Now, unlike many gun writers today, I try not to over emphasize the importance of accuracy in big game hunting rifles. Big game animals are large and hair-splitting accuracy is almost never required. A rifle that will shoot into 2" at 100 yards (2 MOA) is accurate enough for most purposes. A hunting rifle that will average 1.5 MOA groups is a good one, and most T3 rifles fall into that category.
But the Beretta/Sako/Tikka conglomerate heavily advertises their accuracy guarantee. They market their rifles on that basis. And, in my experience, most Tikka T3 rifles simply will not consistently meet their own accuracy guarantee. If a average T3 will shoot an occasional 1" group with any load it is doing well. (Want a real MOA hunting rifle? Read our review of the Weatherby Vanguard SUB-MOA on the Product Review Page.) Why do none of my fellow gun writers in the popular press call Beretta on its misleading advertising?
That is, of course, a rhetorical question. The answer is simple: Beretta Corp. is a big bucks advertiser in the popular print magazines. But what about the writers' and editors' obligation to their readers, who pay their hard earned dollars to read those reviews? Obviously, the word "integrity" has been deleted from the print mag publishers' spelling checkers.

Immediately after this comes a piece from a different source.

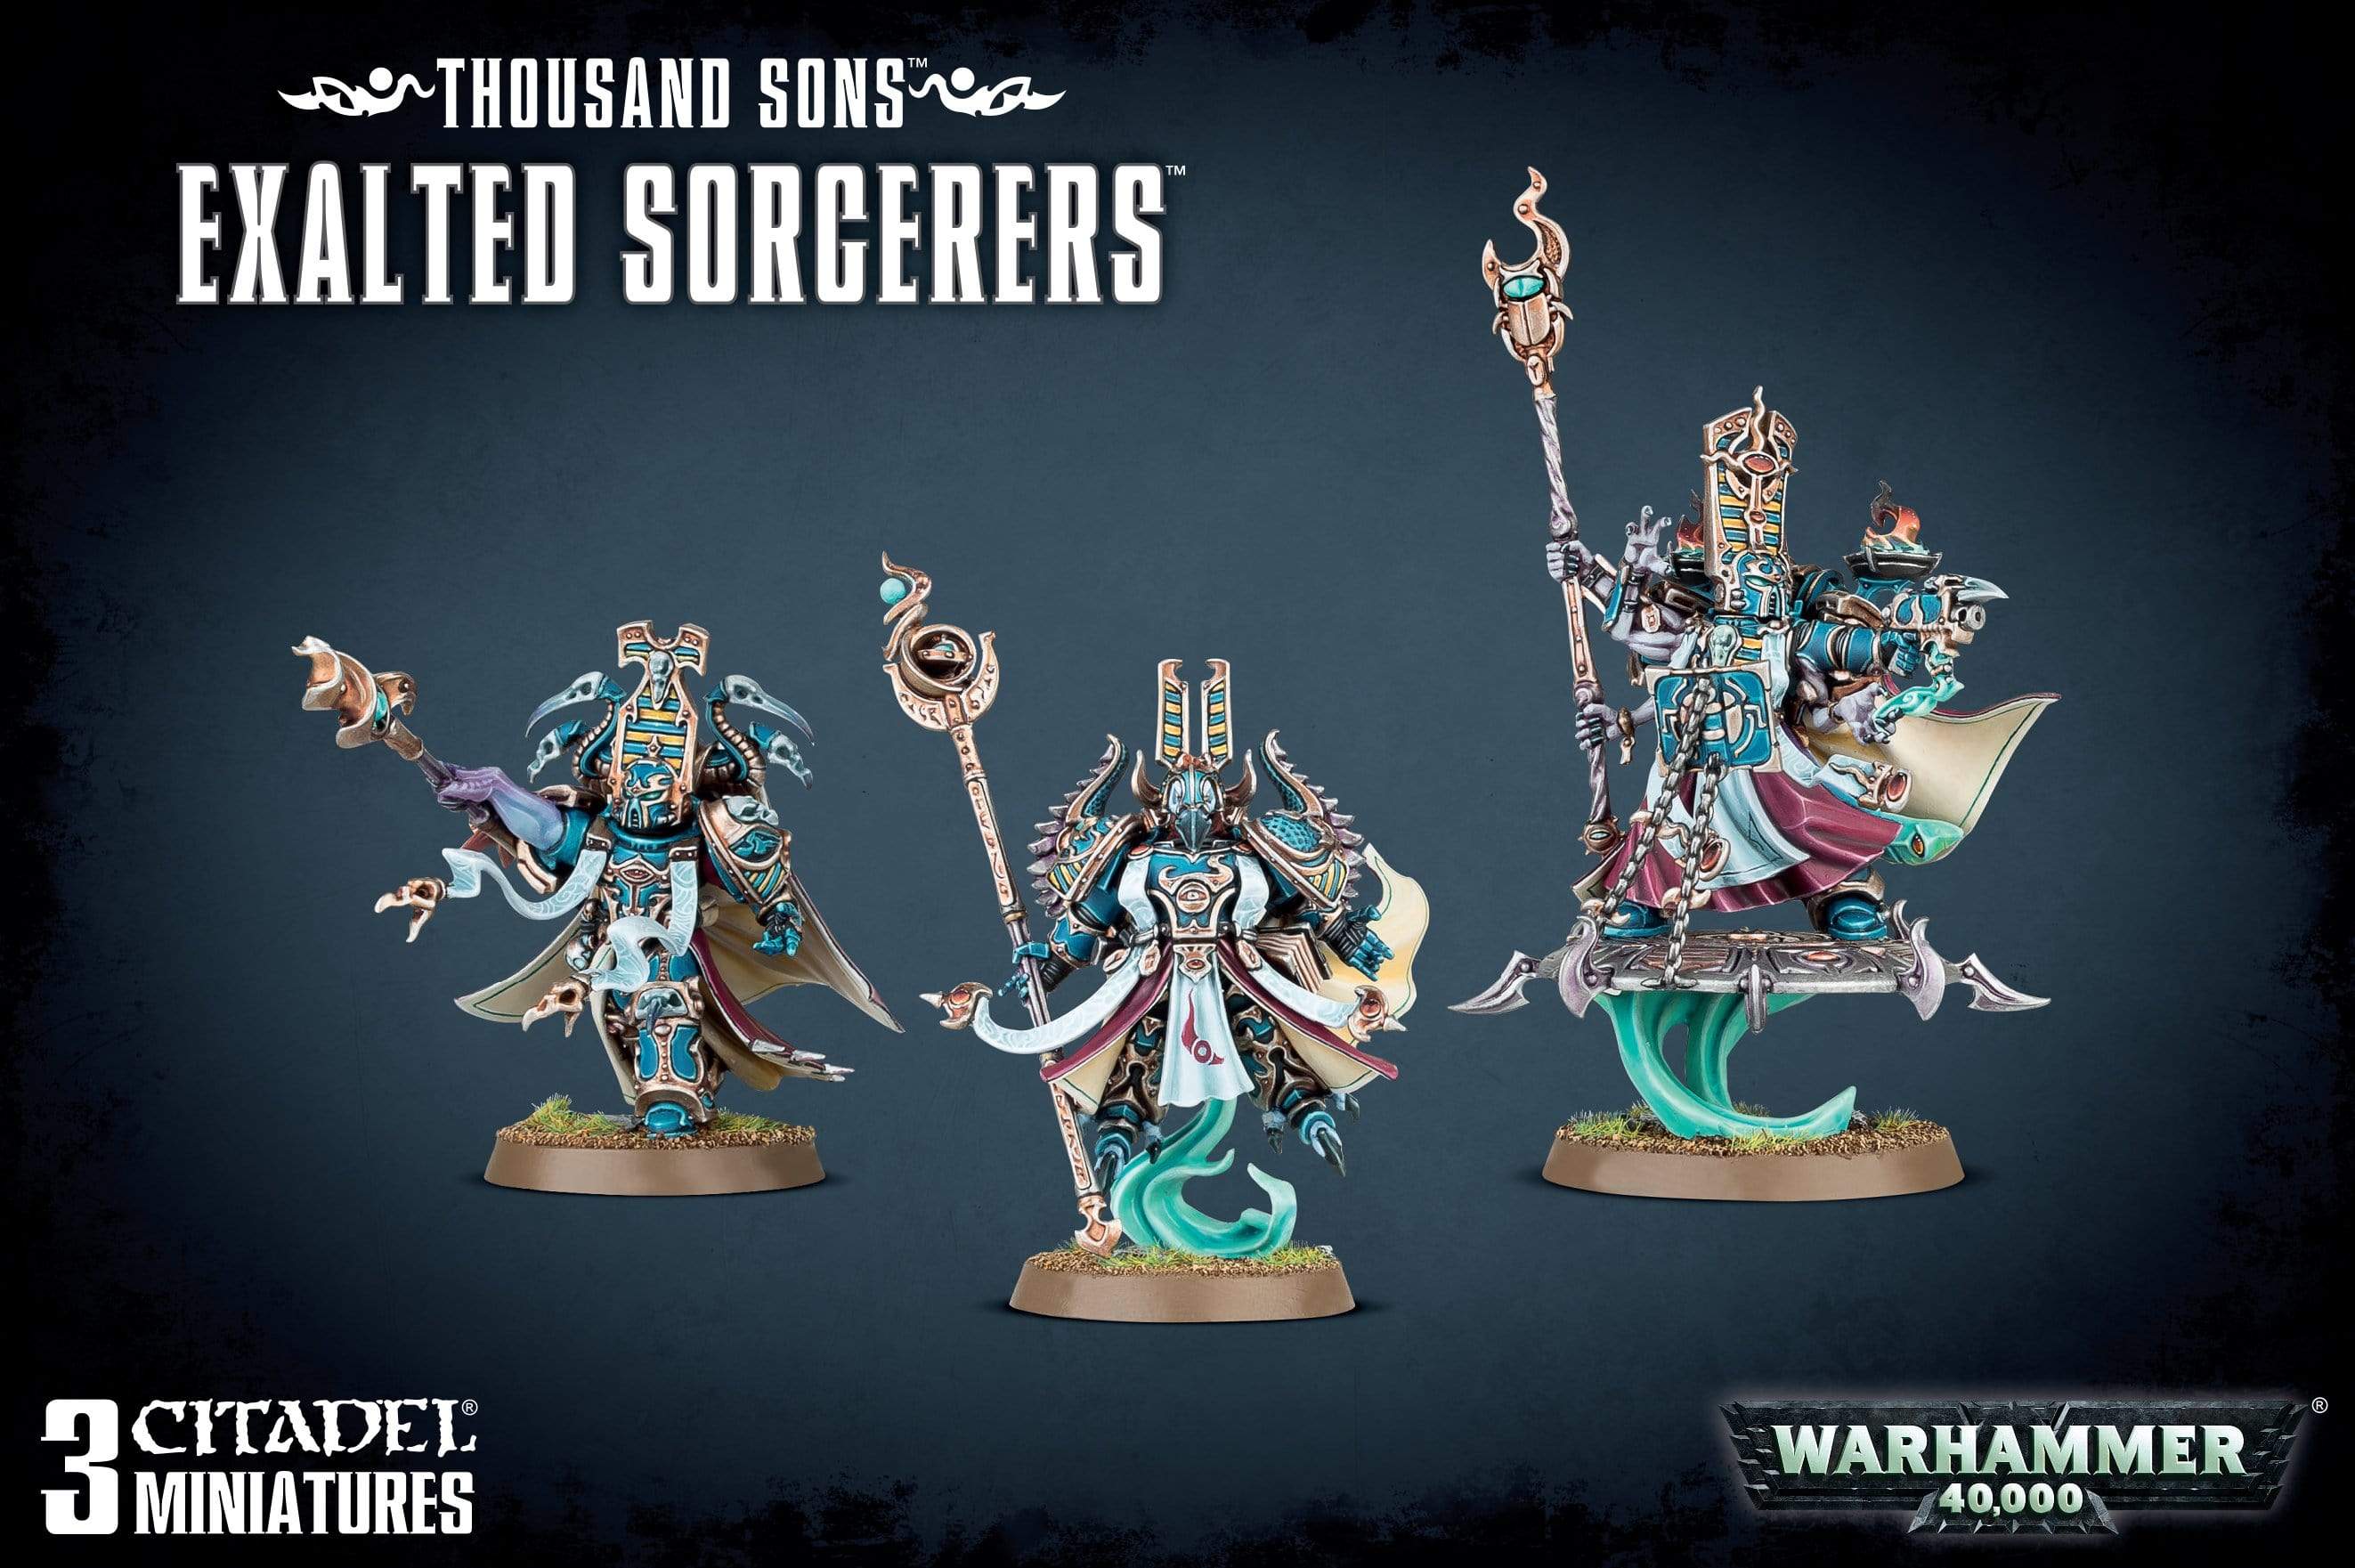 Thousand Sons: Exalted Sorcerers - Saltire Games

To add insult to injury, the Tikka T3 is a cheap rifle, but not an inexpensive one. These things cost as much or more than some higher quality, better designed, and better turned-out hunting rifles.

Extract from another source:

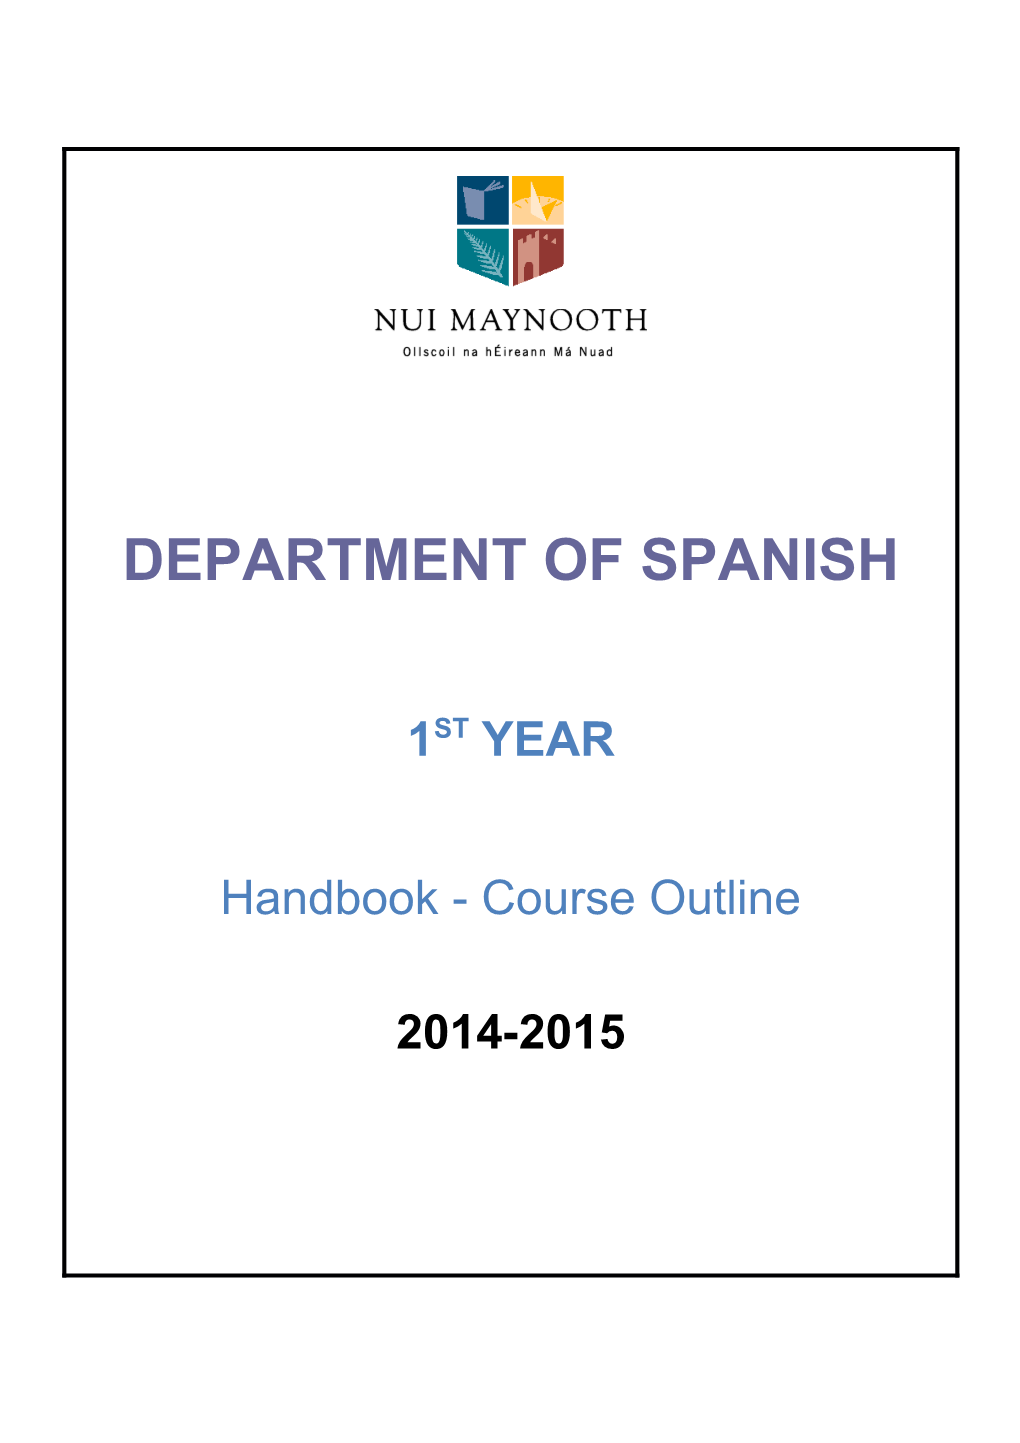 DEPARTMENT of SPANISH 1St Year Handbook - Course Outline 2014-2015

None of this means that a person cannot hunt successfully with a Tikka T3 rifle, or that Tikka owners are a particularly dissatisfied lot. There are many T3 owners who have no complaints, and many who are pleased with the performance of their T3 rifles and satisfied with their purchase. In truth, they are safe, functional rifles and perfectly capable of killing game in the hands of an adequate shot. The same could be said about most other economy models, including the Stevens 200, Remington 710, and NEF rifles.

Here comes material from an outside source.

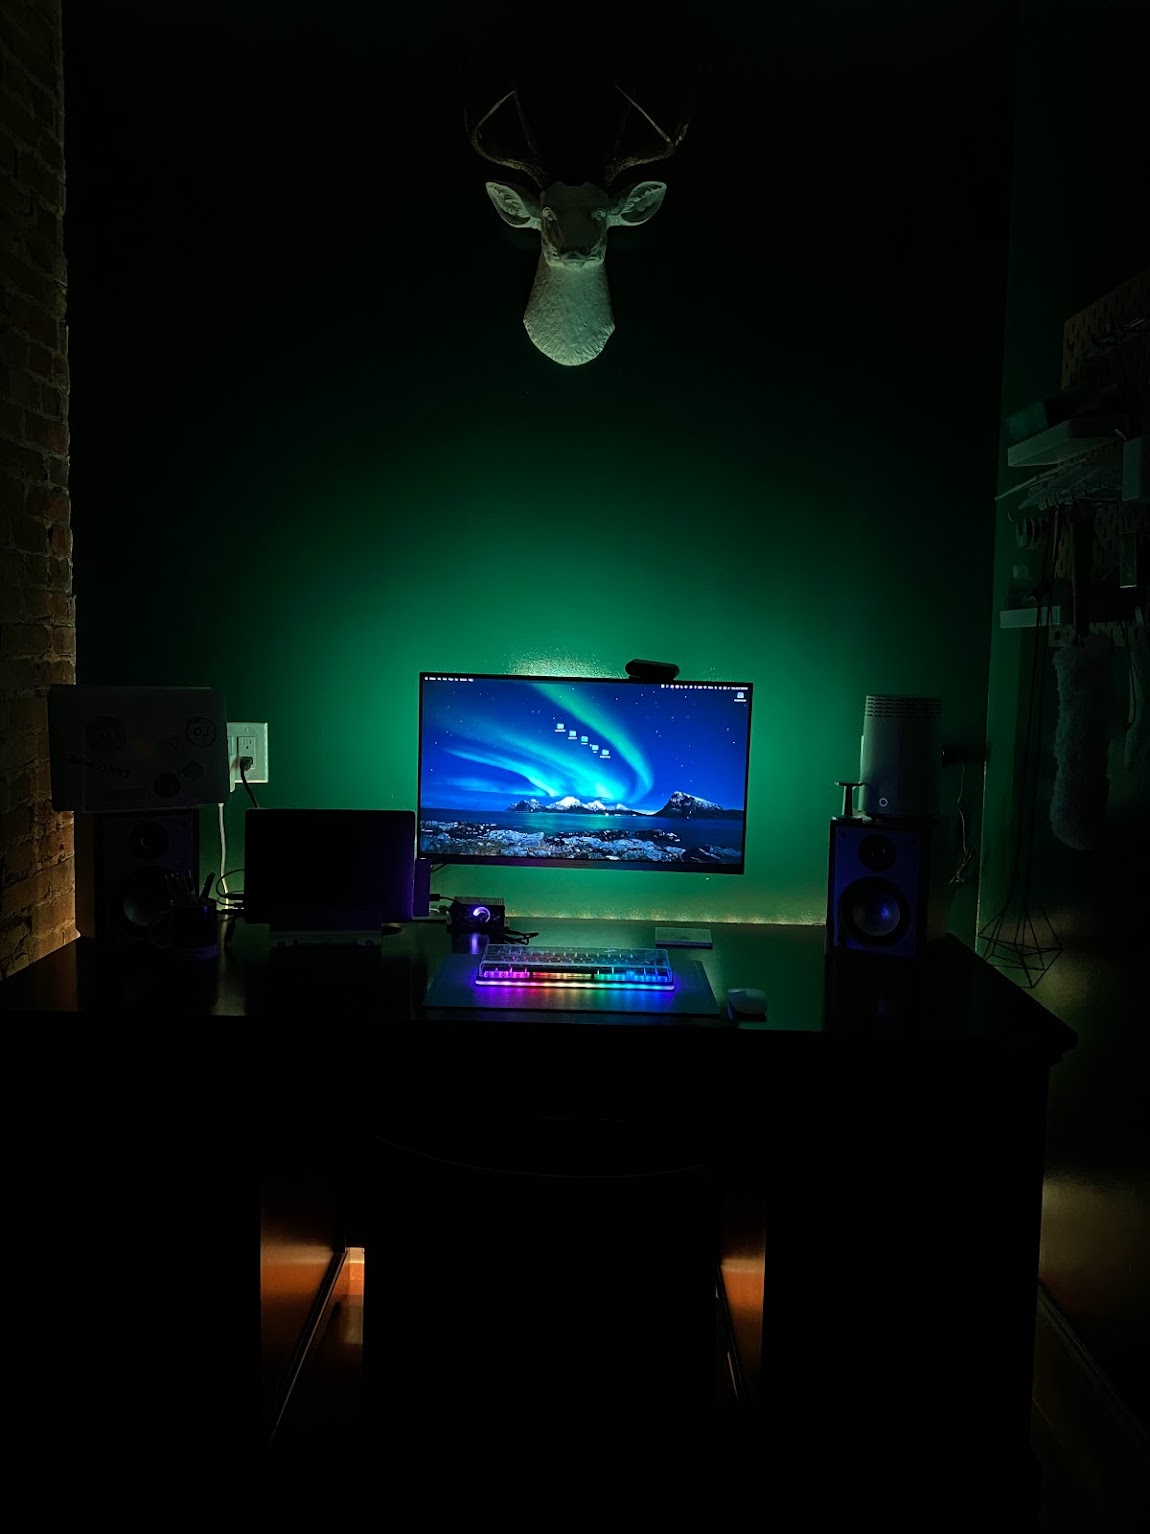 A dark and liminal room with a deep green wall on which hangs a fake white deer head with gold antlers; on the desk is a computer setup with a glowing, backlit monitor and mechanical keyboard

But I suspect that most satisfied T3 customers are not experienced rifle buyers. A person who has never owned a fine rifle is much more likely to be tolerant (or ignorant) of an economy rifle's shortcomings than an experienced shooter and hunter. The relative newcomer simply has inadequate personal experience upon which to formulate an informed opinion.
To make a crude analogy, all acoustic guitars may feel pretty much alike in the hands of a person who doesn't play, but not to a virtuoso. Similarly, I'll bet that most hunters who use economy rifles don't realize that their rifle's cheap plastic stock is too thick through the wrist and forearm. This is something that comes into play every time they pick up their rifle, yet they don't even know that it is deficient! They have never owned a rifle equipped with a well-designed stock, so they have no frame of reference and simply don't understand how much better a good rifle feels in the hands.
Still, I find it hard to understand how Tikka stays in business offering less rifle for more money. The T3's success is a tribute to the ignorance of the modern American sportsman--and the connivance of the sporting press upon which they rely for information.